US MANUFACTURING: A RECESSION WARNING









It seems as if, ever since the last recession ended in June 2009, doomsayers have been busy calling the start of the next one.


From the 'flash crash' of 2010 and that summer's growth slowdown to the eurozone 'smash crash' and debt ceiling debacle of summer 2011, the same recessionistas have emerged regularly (usually on the day of a stock market bottom) to regurgitate their familiar cry.



The bears gained more credibility when, in late 2011, the undisputed heavyweight champion of the recession-forecasting business stepped into the ring - namely ECRI, in the shape of its co-founder Laksman Achuthan.   


  

ECRI, Sept. 2011: Not wrong, just early


Since inception this independent organization had accurately called every recession - 1990, 2001, 2007 - long before most people realized it was happening, and in the intervening years had not called a single 'false positive'.  Considering the amount of conflicting data swirling around, the economic shocks during those intervening years and the abject failure of just about every other official body of economists to make accurate recession forecasts, that's a remarkable achievement.

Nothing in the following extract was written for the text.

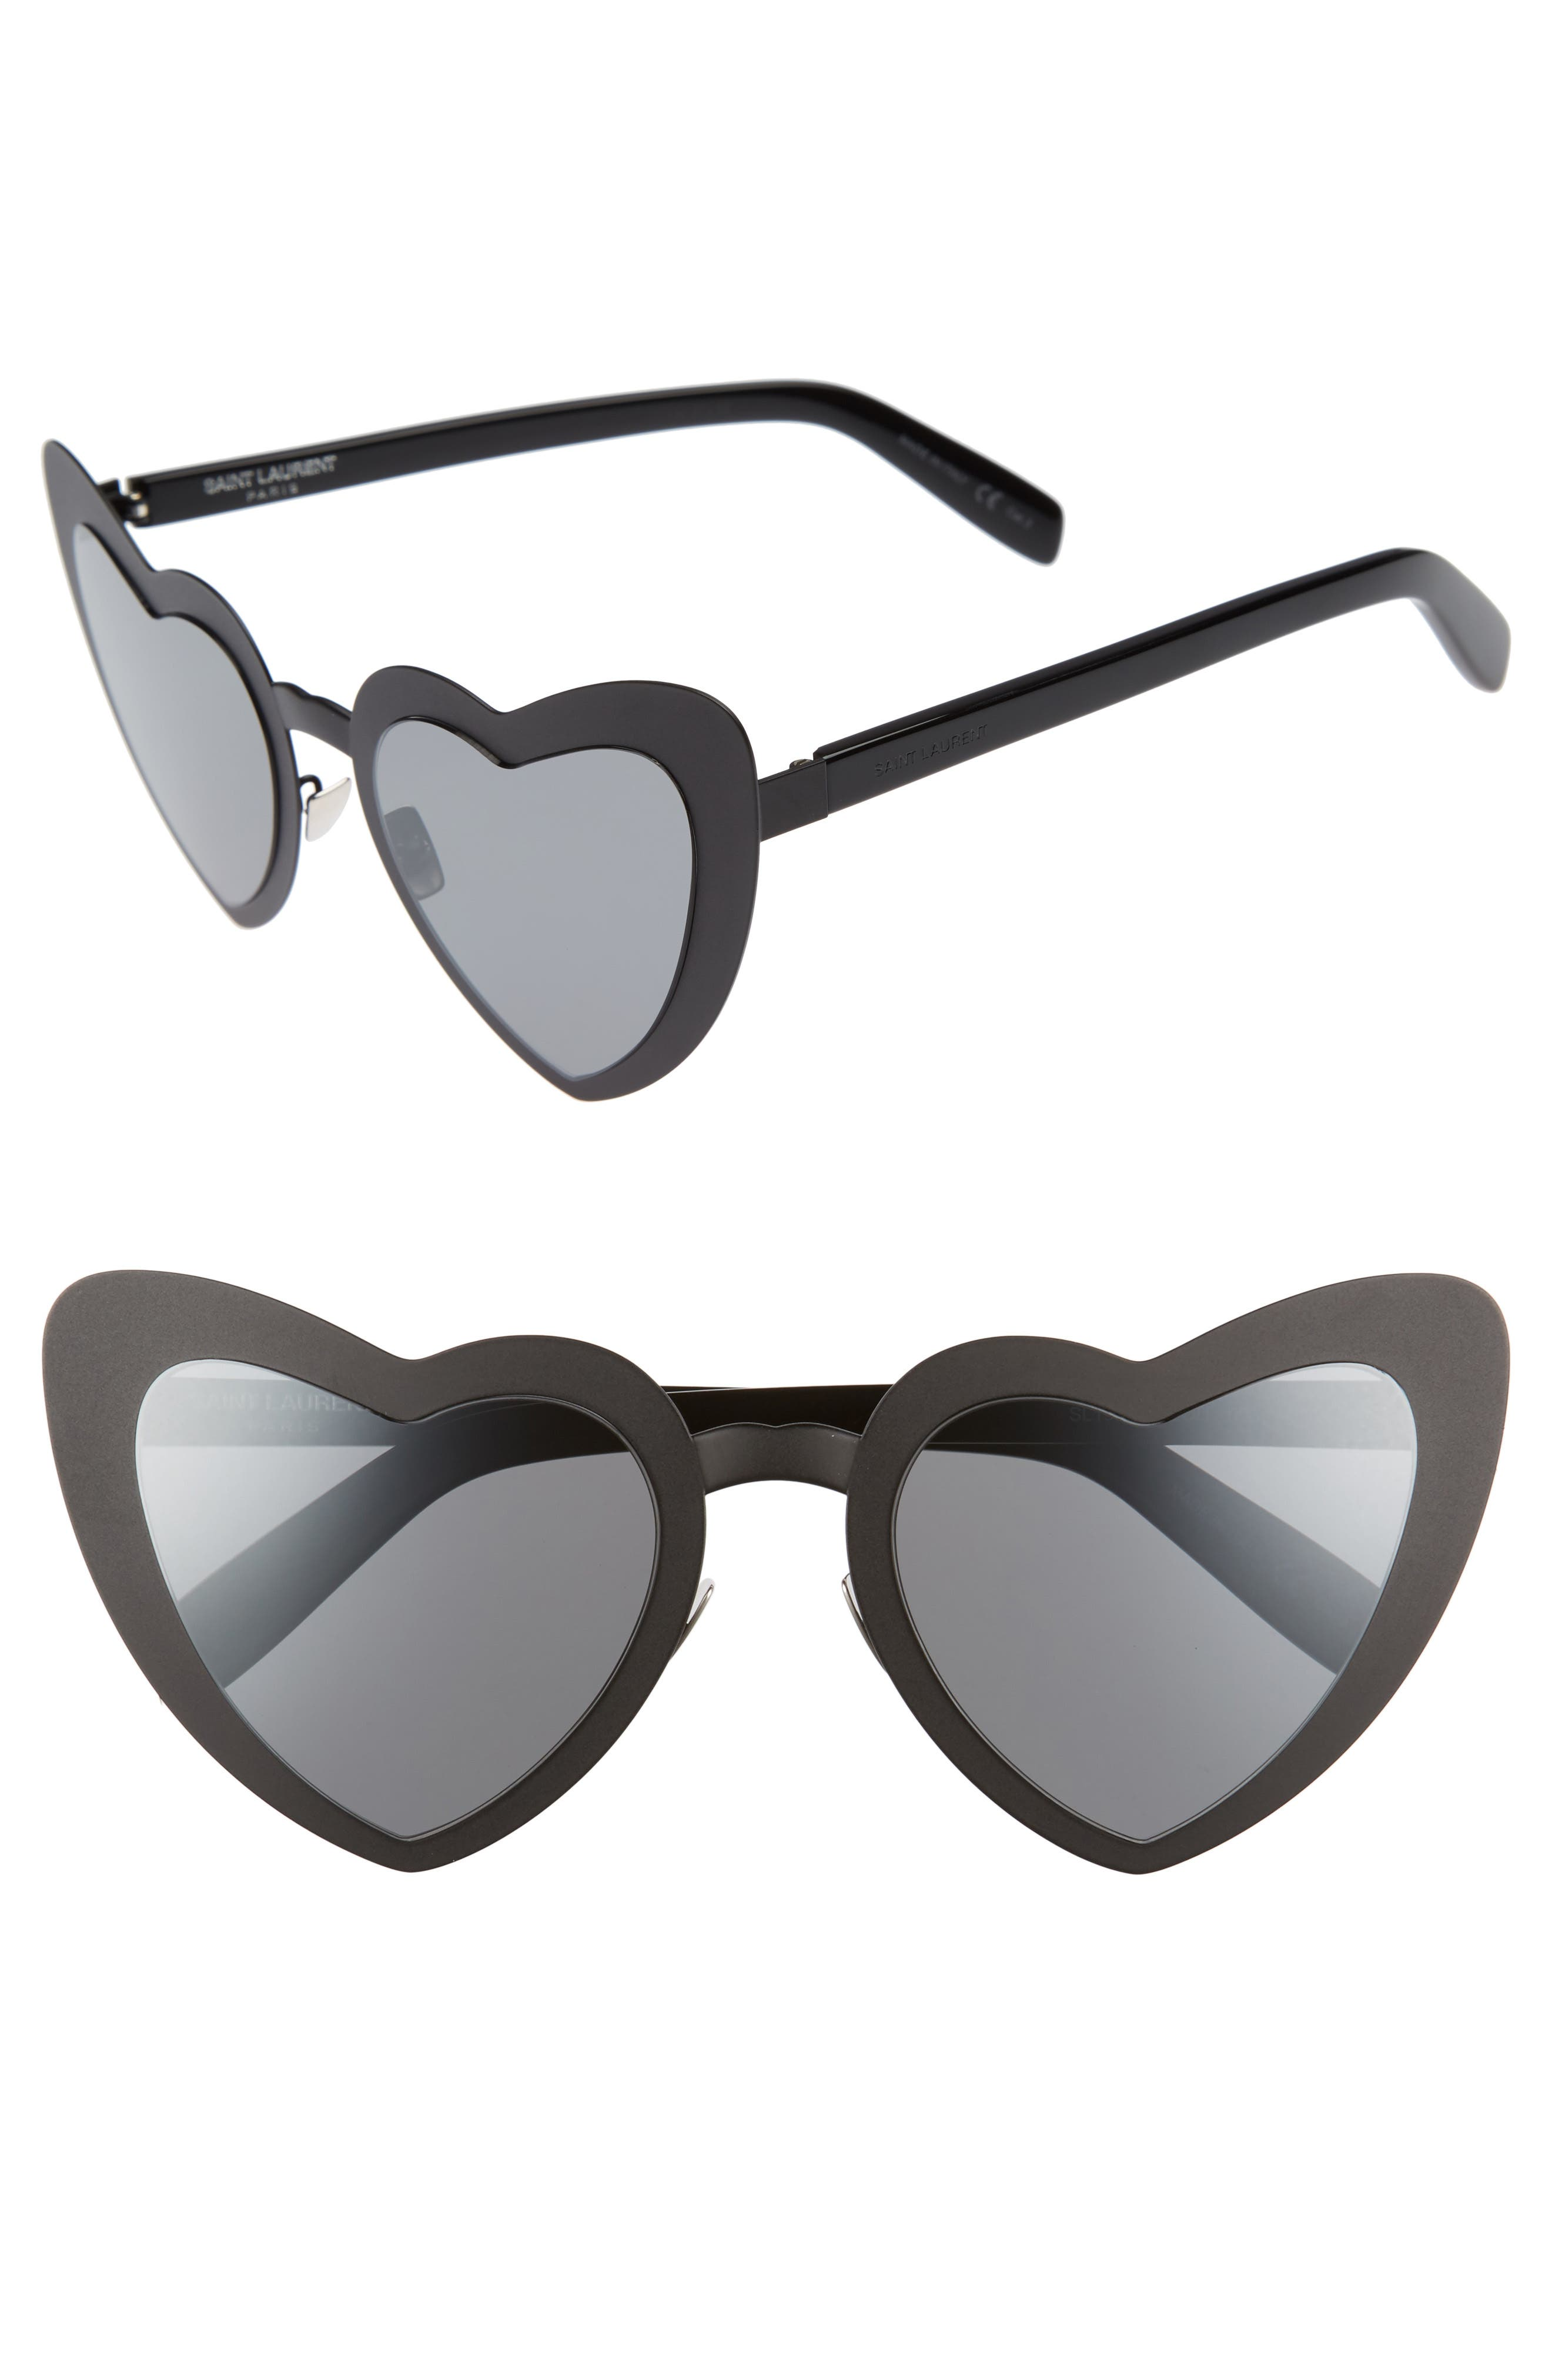 Loulou 55mm Heart Shaped Sunglasses,                         Main,                         color, Black

Yet this time, the US economy has relieved itself all over ECRI's spotless record.  It has wheezed along at not much more than stall-speed for nigh on two years and resolutely refused to crack.  


Until now.


At least that is the conclusion you could be forgiven for reaching with the latest reading from one of the most widely-watched of economic indicators, the ISM Manufacturing Index.  On Monday, ISM reported that the manufacturing index dropped below 50, the dividing line between expansion and contraction.  


"So what?" you laugh, "it dropped below 50 a few months ago and there was absolutely no sign of a recession!"  


Unfortunately, that's the problem. 




ISM MOMENTUM - 
A LOOK BACK THROUGH HISTORY



Like much economic data, the manufacturing sector's numbers move cyclically and their momentum can be measured quite easily.  Just as it's possible to examine the acceleration or deceleration of a trend in stock prices to decide whether a major reversal is in the works, the great engine of US manufacturing has obvious periods of acceleration and deceleration which, when plotted on a chart, appear telling.


For clarity, let's split all the available data into three overlapping periods: 1948-1978,  1975-2000, and 1988-current.



1948 - 1978



Shaded grey bars indicate recessions




Look closely and you find the data behaves with admirable consistency, completing a simple four-stage sequence.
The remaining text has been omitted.